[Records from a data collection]
*-*-*
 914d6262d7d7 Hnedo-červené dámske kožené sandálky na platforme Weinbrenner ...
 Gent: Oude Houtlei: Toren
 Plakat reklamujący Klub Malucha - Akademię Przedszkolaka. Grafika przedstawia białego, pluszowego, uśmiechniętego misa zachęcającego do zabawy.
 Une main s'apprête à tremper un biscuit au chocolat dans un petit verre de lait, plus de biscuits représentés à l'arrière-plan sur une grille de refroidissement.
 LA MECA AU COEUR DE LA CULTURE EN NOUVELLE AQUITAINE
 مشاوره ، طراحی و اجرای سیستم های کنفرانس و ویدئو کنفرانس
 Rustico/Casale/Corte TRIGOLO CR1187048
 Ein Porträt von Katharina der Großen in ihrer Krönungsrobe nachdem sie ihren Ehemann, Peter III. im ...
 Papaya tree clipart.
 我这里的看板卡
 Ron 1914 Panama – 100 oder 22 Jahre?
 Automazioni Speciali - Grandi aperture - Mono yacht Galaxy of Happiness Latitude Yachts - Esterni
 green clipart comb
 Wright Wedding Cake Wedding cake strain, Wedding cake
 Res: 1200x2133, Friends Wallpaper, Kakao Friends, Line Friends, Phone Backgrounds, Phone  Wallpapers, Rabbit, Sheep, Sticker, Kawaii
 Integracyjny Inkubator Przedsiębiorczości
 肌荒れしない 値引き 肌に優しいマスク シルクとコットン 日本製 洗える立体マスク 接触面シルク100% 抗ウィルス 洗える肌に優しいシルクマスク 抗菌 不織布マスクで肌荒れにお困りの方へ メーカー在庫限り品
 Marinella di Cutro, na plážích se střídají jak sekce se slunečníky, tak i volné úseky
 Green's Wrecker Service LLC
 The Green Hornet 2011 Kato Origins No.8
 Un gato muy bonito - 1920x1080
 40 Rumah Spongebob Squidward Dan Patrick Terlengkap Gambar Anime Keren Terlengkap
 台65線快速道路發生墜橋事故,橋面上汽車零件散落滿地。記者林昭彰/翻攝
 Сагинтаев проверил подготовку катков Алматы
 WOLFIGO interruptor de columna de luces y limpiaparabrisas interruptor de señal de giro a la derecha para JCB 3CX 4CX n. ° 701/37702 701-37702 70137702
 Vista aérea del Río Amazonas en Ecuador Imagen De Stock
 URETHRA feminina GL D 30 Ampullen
*-*-*
Only lines with the word "clipart" go in the answer. Take them all from the entries above.

- **Output**:
 Papaya tree clipart.
 green clipart comb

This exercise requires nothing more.